Table 1. Average accuracy ± its standard deviation (calculated over 10 folds) for the neural networks with “usual” convolution (denoted as CNN) and dynamic convolution (denoted as DCNN). The best out of the both networks is denoted by bold font. In each case we also provide a symbol \(\bullet \)/\(\circ \) denoting if the observed difference is statistically significant (\(\bullet \)) or not (\(\circ \)) according to paired t-test at significance level (p-value) of 0.05.

Results: As one can see in Table 1, in half of the examined cases, DCNN significantly outperforms CNN. In the remaining cases, where the difference is statistically insignificant, DCNN still usually performs better than CNN, the only exception is the experiment with Net2 on the ArrowHead dataset. These results indicate that the proposed dynamic convolution may indeed improve the accuracy of convolutional neural networks.

Discussion: We point out that both Net1 and Net2 contain max pooling layers. Therefore, our results also demonstrate that “usual” convolution with max pooling was not able to account for all the temporal distortions that are present in the data. This is inline with our expectations based on our analysis in Sect. 3.1 where we discussed the rigidity of the dot product and pointed out that max pooling only has a limited ability to account for translations, however, it can not take elongations into account.

Training Time and Complexity: The method to train DCNN consists of two phases: in the first (pretrain) phase, a CNN is trained; whereas in the second phase, the weights of DCNN (except for the weights of the dynamic convolutional layer) are learned. Therefore, the overall training time is roughly twice of the training time of a single CNN. However, as pointed out in Sect. 3.2, the activation of the dynamic convolutional layer may be precomputed, i.e., it needs to be computed only once, even if the network is trained for many epochs in the second phase. Therefore, the second phase of training may actually be slightly faster than the training of an analogous CNN.
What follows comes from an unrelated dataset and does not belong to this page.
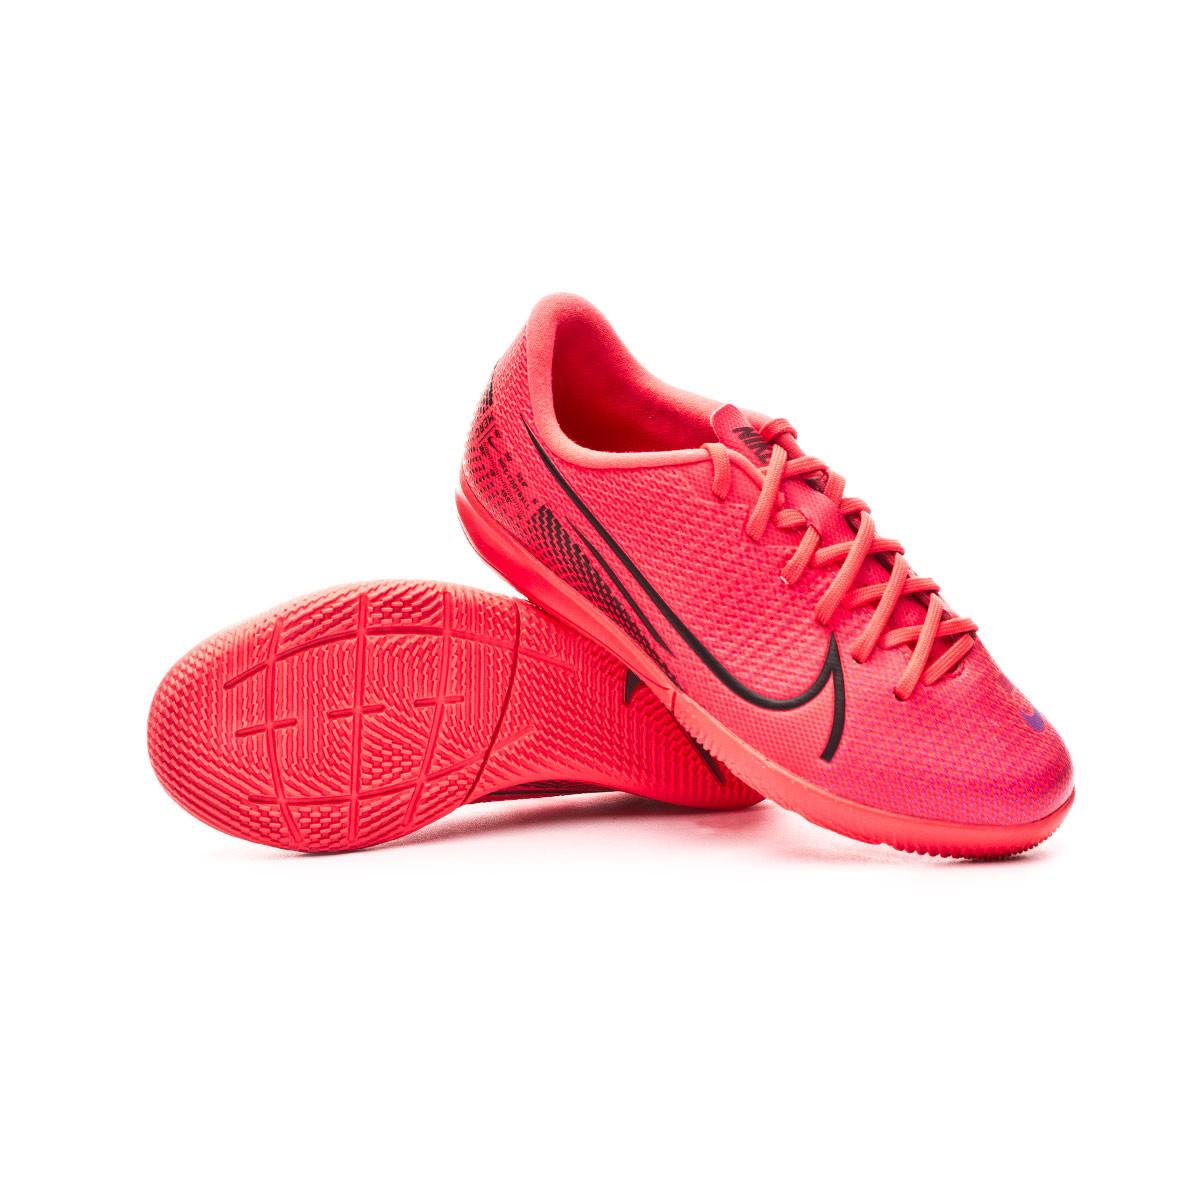 Sapatilha de Futsal Nike Mercurial Vapor XIII Academy IC Criança

In the sense of complexity theory, under the assumptions that the number of convolutional filters in the dynamic convolutional layer is a constant, the sizes of each of them is a (small) constant and the length of time series is constant as well, the time required for computation of the activation of the dynamic convolutional layer is constant which does not change the complexity of training in the sense of algorithm theory. Also training two networks instead of one, is just a multiplication by a constant factor of 2 which again does not change the complexity in the sense of algorithm theory. Therefore, the theoretical complexity of training DCNN is the same as training a “usual” CNN.

5 Conclusions and Outlook

In this paper we introduced dynamic convolution as an alternative to the “usual” convolution operation. Dynamic convolutional layers can be used within various neural networks. We performed experiments in context of time series classification on publicly available real-world datasets. The results are very promising: they show that dynamic convolution is indeed competitive with “usual” convolution, moreover, the neural networks using dynamic convolutional layers systematically, often statistically significantly, outperform analogous neural networks with “usual” convolutional layers. In principle, the proposed neural networks with dynamic convolution may be used for any time series classification tasks, such as handwriting recognition, signature verification, ECG-based diagnosis of various heart diseases, etc. In order to assist reproduction of our work and to promote using dynamic convolutional layers in various applications, we published our codes.

As future work, we plan to perform experiments with additional neural network architectures, such as deeper neural network, or networks with residual connections. Moreover, in order to examine the generality of our results, we plan to experiment with further datasets as well.